Verbatim output of the lines below is required, with the images omitted.

(GIVEN MATERIAL)

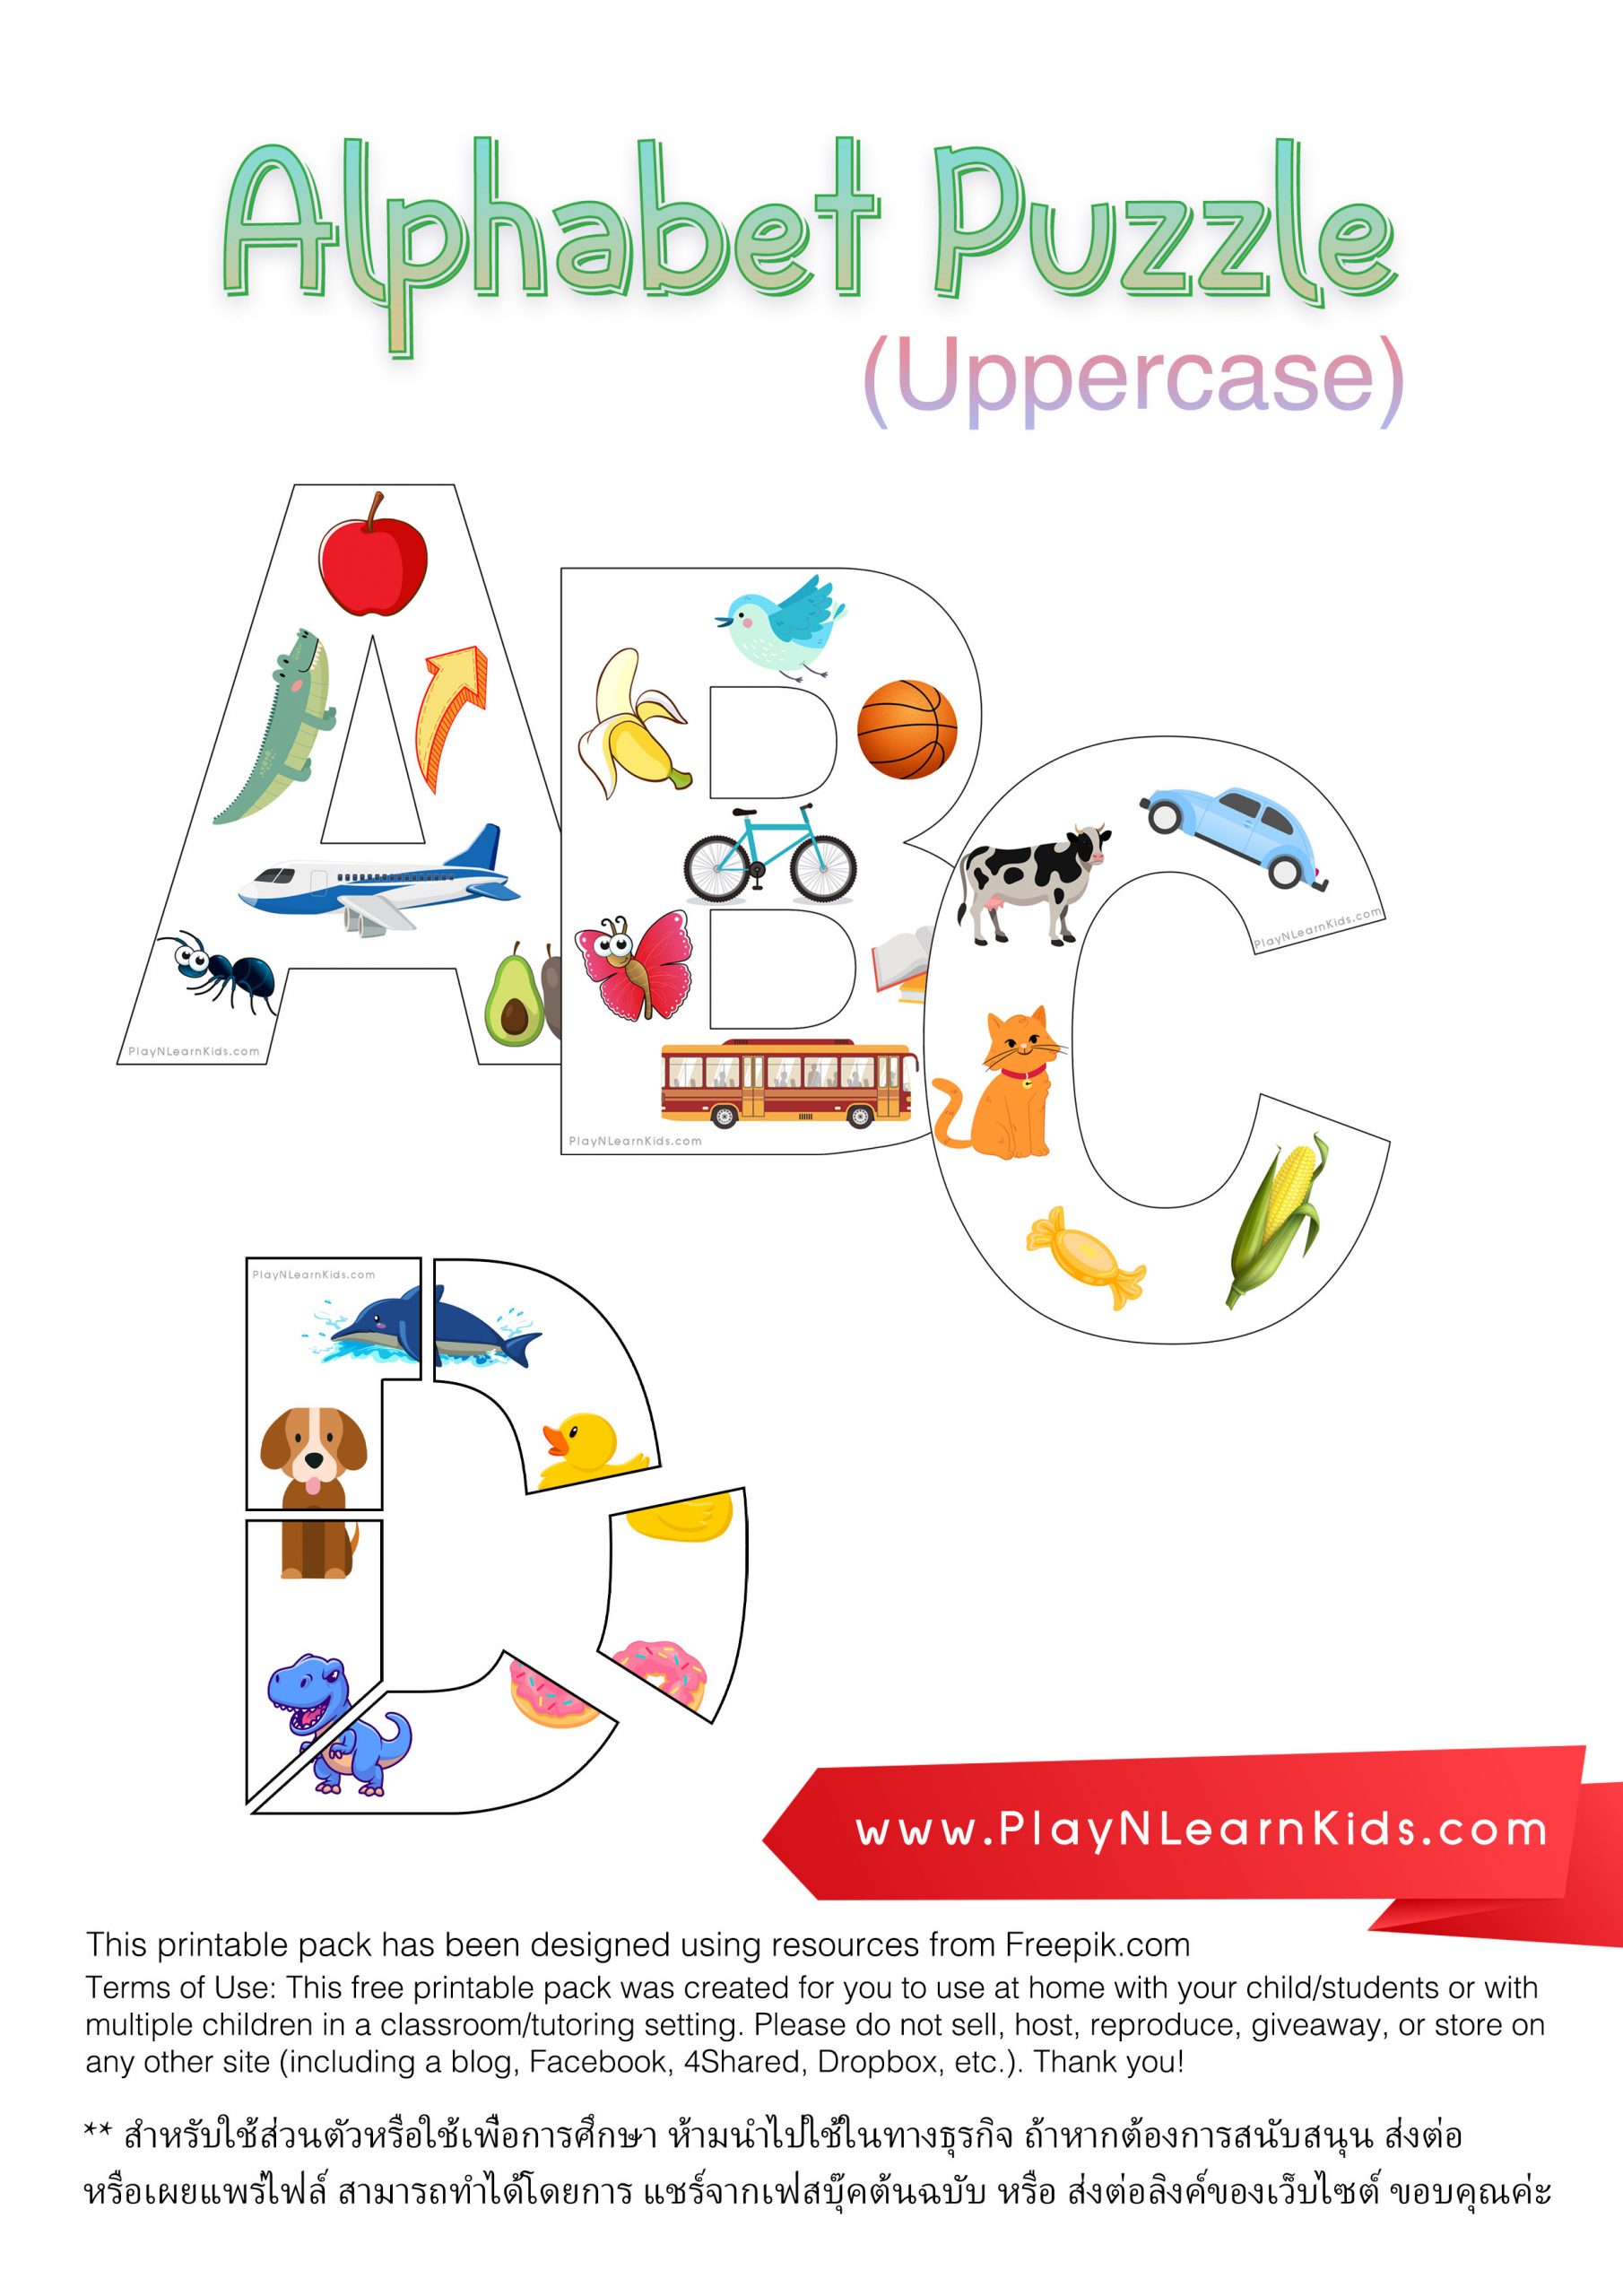 ดาวโหลด – Alphabet Puzzle Uppercase
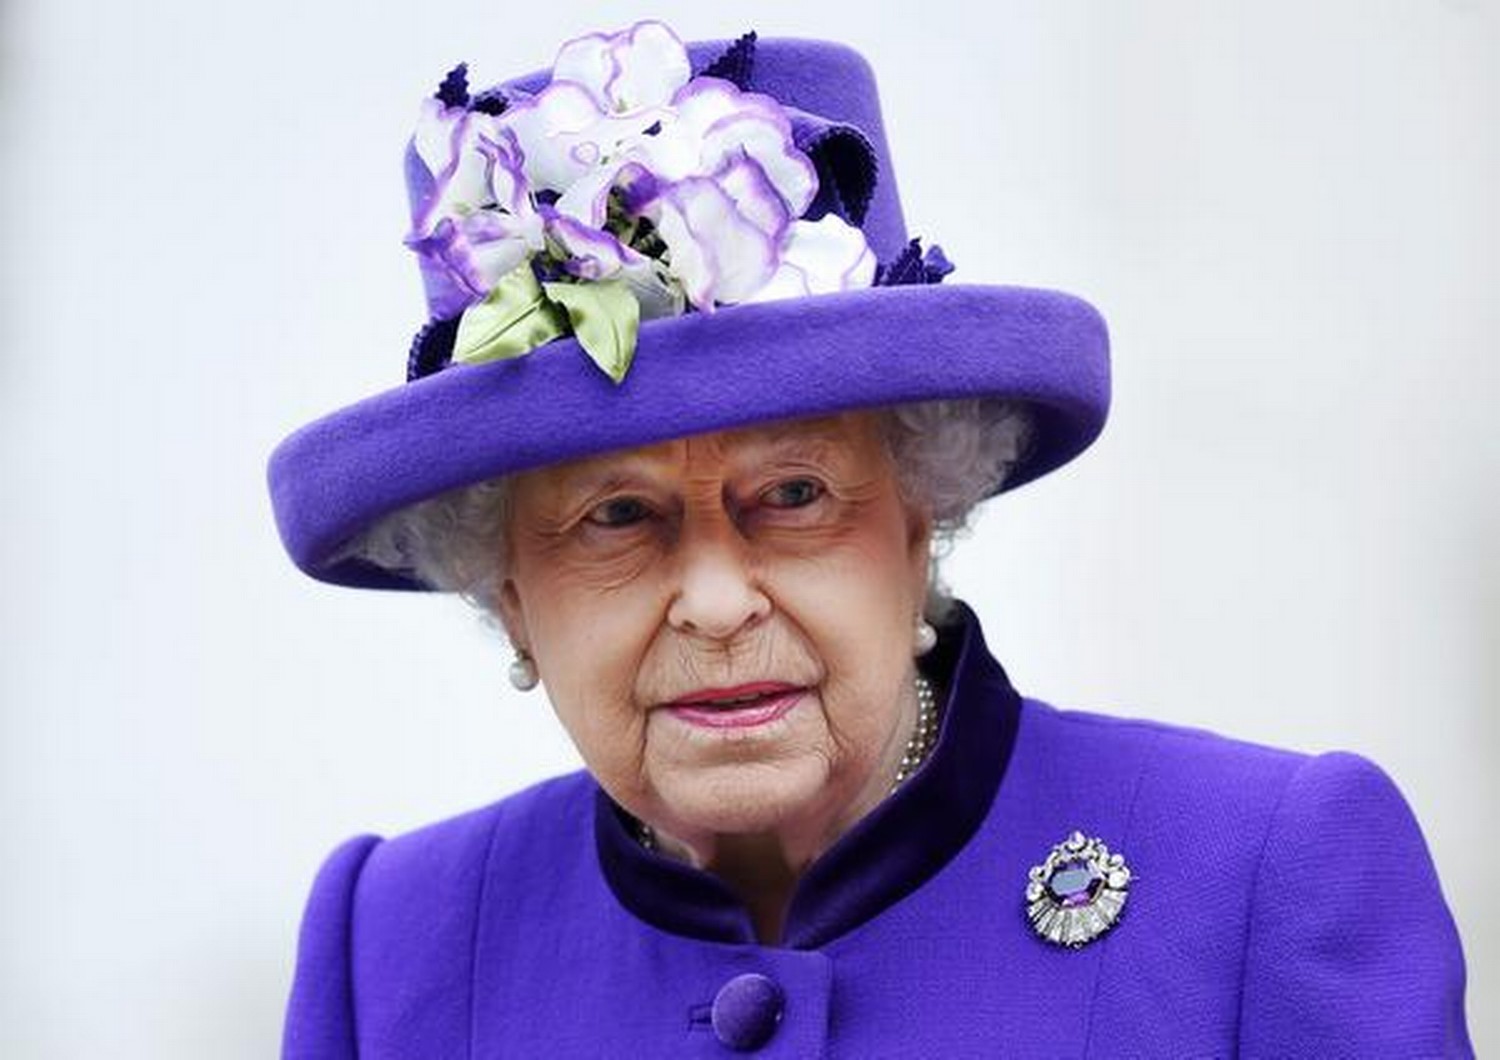 Kraliçe Elizabeth’in ölüm tarihini bilen hesap Kral Charles için de tarih verdi 51
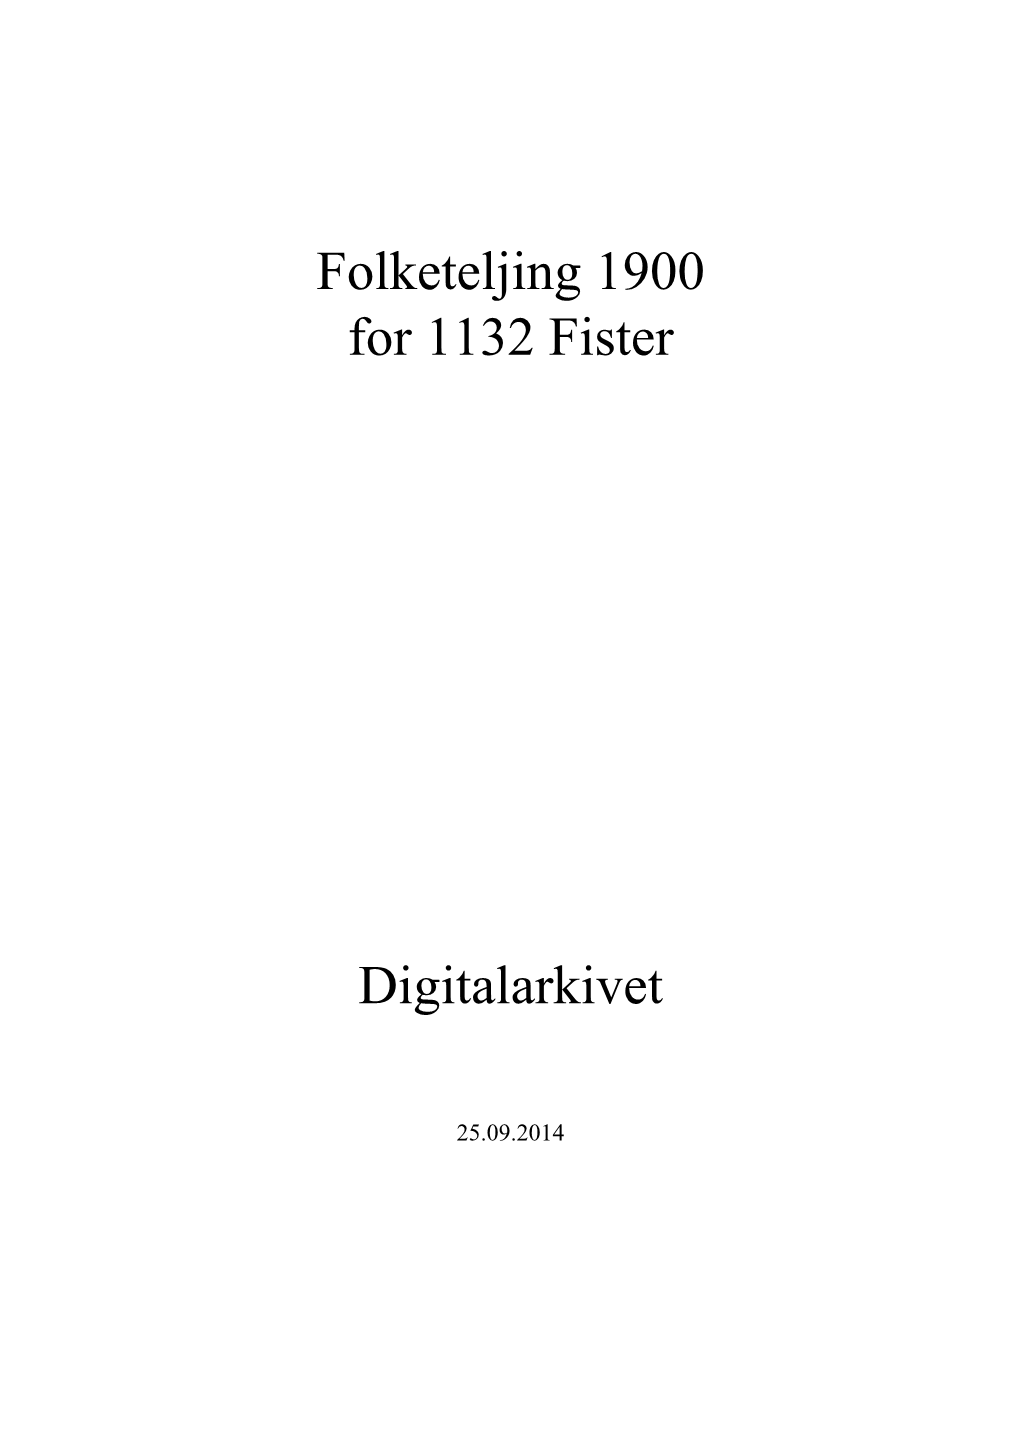 Folketeljing 1900 for 1132 Fister Digitalarkivet

(End GIVEN MATERIAL)

■ SOLVED PROBLEM ■
 ดาวโหลด – Alphabet Puzzle Uppercase
 Kraliçe Elizabeth’in ölüm tarihini bilen hesap Kral Charles için de tarih verdi 51
 Folketeljing 1900 for 1132 Fister Digitalarkivet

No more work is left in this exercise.